EXERCISE GOAL: Restate the data that follows exactly as it stands, beginning with the first line and ending with the line that contains "View of Wall Street in New York City".
────────────────────────────────────────
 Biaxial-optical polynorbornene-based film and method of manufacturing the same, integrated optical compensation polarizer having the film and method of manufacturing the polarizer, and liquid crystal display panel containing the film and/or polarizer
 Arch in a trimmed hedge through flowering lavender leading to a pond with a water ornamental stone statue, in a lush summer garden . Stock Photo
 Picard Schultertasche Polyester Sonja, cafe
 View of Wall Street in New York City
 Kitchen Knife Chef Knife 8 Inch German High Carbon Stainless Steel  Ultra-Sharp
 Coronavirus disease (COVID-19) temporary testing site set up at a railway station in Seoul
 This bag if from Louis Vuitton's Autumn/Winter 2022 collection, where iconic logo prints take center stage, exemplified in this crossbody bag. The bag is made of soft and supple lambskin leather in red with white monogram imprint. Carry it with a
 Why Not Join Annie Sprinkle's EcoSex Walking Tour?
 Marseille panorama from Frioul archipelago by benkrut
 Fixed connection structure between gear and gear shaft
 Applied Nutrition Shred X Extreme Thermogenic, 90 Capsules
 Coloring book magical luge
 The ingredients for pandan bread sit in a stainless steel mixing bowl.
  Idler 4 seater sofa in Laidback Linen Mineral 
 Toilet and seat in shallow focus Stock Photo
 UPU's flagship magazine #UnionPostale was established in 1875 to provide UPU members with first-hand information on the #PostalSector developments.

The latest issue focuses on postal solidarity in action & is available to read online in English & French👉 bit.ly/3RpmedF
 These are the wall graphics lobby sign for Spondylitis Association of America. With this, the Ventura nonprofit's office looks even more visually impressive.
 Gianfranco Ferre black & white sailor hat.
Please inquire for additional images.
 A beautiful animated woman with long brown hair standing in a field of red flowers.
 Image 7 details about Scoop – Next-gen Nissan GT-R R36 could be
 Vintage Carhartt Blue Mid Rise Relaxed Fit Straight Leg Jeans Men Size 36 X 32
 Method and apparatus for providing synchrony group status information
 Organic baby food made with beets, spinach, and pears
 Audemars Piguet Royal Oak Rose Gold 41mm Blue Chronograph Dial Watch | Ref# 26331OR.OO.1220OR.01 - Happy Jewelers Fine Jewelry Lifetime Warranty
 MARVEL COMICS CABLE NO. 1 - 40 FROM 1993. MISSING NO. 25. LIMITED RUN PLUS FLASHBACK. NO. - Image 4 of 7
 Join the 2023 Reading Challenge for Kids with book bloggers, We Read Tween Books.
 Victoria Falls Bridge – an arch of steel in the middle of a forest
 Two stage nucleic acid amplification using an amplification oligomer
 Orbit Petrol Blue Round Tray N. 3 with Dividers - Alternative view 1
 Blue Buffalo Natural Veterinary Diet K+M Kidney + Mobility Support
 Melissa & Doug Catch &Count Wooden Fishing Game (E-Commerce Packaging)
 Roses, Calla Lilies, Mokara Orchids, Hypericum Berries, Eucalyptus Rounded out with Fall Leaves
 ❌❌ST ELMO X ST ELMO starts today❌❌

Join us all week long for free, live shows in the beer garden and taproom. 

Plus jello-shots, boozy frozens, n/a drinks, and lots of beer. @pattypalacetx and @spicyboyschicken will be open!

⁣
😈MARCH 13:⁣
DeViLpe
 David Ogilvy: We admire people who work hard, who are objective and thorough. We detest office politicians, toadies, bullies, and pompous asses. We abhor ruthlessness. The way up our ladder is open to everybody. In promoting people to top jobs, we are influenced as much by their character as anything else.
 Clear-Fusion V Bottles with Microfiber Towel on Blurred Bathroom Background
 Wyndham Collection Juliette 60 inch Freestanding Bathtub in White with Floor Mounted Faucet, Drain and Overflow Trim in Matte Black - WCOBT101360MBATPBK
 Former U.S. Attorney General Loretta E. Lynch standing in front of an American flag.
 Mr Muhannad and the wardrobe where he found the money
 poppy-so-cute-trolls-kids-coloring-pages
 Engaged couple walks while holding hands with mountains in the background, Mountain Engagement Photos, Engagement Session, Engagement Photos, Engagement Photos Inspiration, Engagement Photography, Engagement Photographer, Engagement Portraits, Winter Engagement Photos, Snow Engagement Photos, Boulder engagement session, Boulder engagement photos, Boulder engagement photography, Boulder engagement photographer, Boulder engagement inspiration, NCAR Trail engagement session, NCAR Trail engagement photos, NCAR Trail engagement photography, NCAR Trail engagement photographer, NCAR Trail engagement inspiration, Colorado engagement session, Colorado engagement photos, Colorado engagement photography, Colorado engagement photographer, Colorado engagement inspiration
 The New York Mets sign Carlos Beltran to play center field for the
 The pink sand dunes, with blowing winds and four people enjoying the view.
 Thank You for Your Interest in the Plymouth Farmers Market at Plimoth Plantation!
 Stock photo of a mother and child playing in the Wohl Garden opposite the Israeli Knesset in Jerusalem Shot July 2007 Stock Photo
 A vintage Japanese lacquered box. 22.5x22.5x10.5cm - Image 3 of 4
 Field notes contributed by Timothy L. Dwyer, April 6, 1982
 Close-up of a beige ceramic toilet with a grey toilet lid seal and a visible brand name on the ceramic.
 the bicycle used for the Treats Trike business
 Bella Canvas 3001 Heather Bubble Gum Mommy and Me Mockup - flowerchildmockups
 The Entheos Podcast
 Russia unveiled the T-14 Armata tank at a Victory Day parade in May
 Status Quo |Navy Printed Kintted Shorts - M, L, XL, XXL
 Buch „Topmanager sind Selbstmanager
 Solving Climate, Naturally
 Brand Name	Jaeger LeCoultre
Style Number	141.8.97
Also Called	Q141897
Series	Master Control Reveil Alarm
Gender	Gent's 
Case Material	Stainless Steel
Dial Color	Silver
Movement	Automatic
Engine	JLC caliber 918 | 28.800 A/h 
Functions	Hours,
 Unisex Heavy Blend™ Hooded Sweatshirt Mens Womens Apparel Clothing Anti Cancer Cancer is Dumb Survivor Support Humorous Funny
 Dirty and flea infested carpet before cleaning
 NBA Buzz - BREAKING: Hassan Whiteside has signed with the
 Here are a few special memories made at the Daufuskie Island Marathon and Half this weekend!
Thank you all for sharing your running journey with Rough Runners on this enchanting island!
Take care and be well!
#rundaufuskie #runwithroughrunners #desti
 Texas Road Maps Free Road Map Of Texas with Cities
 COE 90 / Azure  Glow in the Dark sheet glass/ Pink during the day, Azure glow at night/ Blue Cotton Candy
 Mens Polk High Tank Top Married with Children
────────────────────────────────────────
EXERCISE ANSWER:
 Biaxial-optical polynorbornene-based film and method of manufacturing the same, integrated optical compensation polarizer having the film and method of manufacturing the polarizer, and liquid crystal display panel containing the film and/or polarizer
 Arch in a trimmed hedge through flowering lavender leading to a pond with a water ornamental stone statue, in a lush summer garden . Stock Photo
 Picard Schultertasche Polyester Sonja, cafe
 View of Wall Street in New York City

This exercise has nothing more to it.